Is your waistline scaling up as rapidly as your business plan? If the standup desk or walkabout meetings just aren’t doing it, here are a few deskercises you can do to fight the battle of the bulge:
Wall Sit Arm Curl: Work out both your legs and your arms simultaneously with this simple exercise. With your back up against an empty wall, slowly slide down until your legs are bent to 90 degrees. Bend your elbow and lift your “weights” — substitute with a water bottle or soda cans in the office — toward your shoulders and then lower. Do a set of 15 arm curls before returning to your standing position.
Calf Raise: Slowly stand up on your toes, keeping your knees straight and your heels off the floor. Hold briefly and then come back down. Repeat 25 times to feel the burn. Feeling ambitious? Try doing this one leg at a time.
The Tricep Desk Dip: Work out your triceps with an easy move that’ll leave you feeling sore the next day. Facing away from you desk, place your palms on the edge of the desk and butt on the edge of your desk. Keep your feet together, bend your elbows until they are bent at 90 degrees, and then push back up. Do this 20 times.
The Wooden Leg: While you’re sitting in a chair, extend one leg straight out in front of you and hold it for two seconds. Then raise it as high as you can and hold that position for two seconds. Repeat this 15 times with each leg.

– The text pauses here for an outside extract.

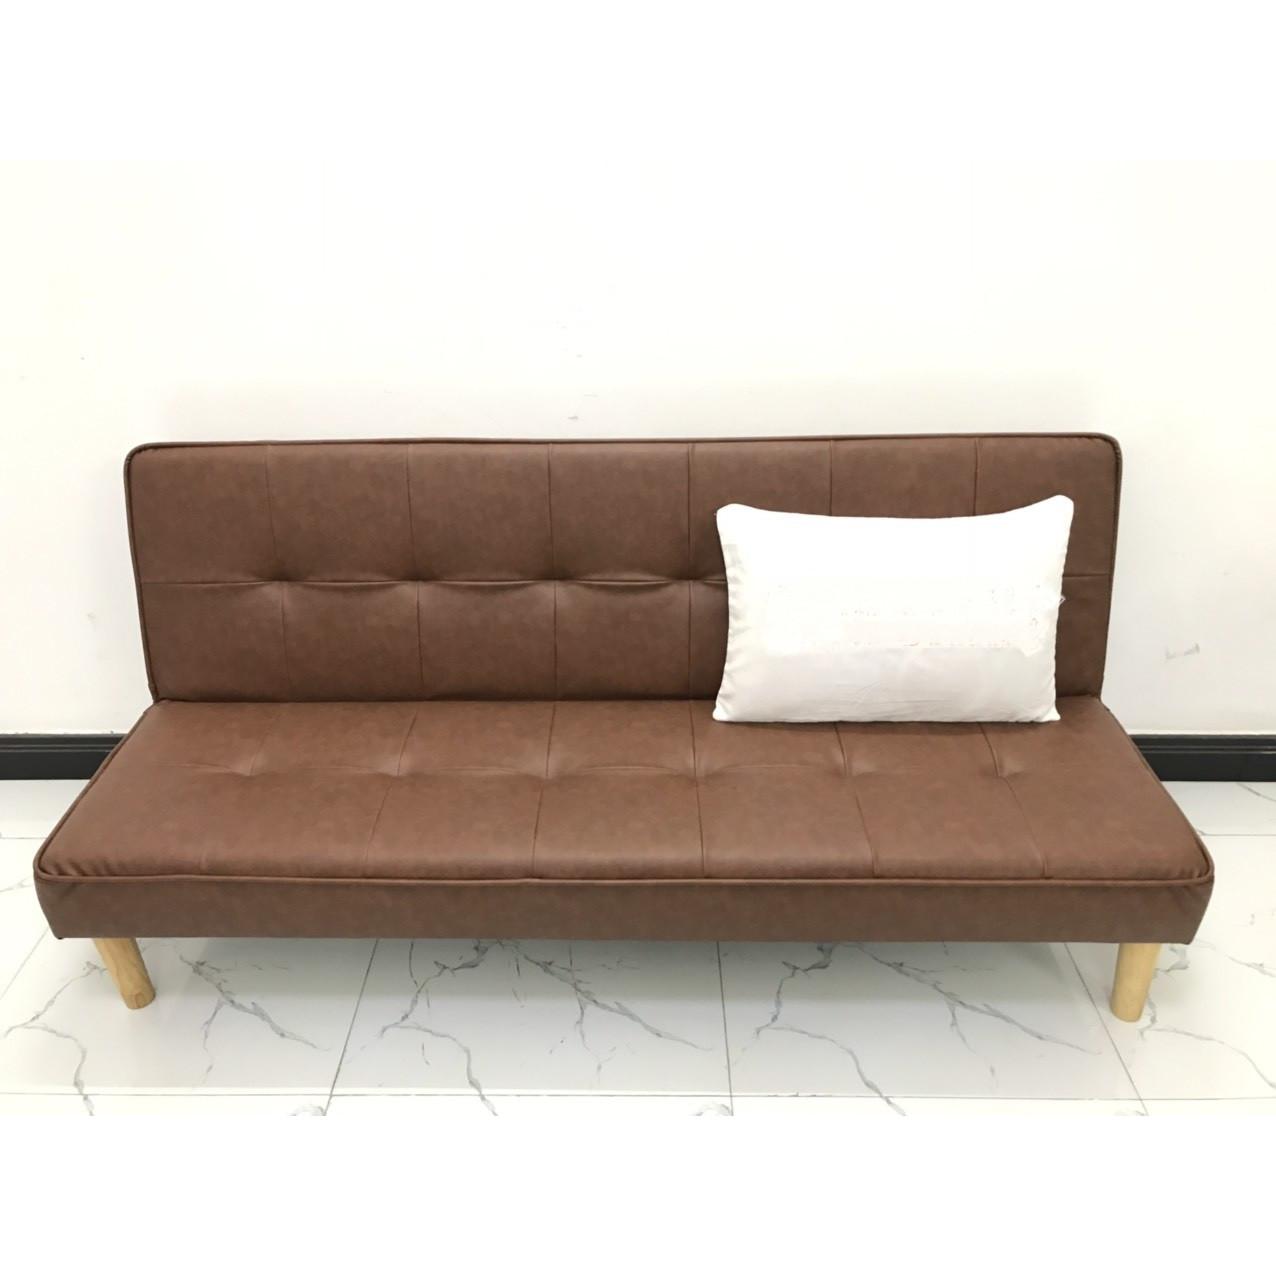 Ghế sofa giường 1m7x90, sofa phòng khách Sivali10

The Desk Chair Swivel: If you’re lucky enough to have a swivel chair, it’s time to put it to good use. Sit straight up, and, with your feet hovering above the floor, grip the edge of your desk with your fingers and thumb. Use your core to swivel the chair from side to side. Do this 15 times.
Other tips to stay fit include parking farther away from your building so that you have a longer walk to the office, taking the stairs, or biking to work to ensure you’re doing your best to keep healthy during your busy workday.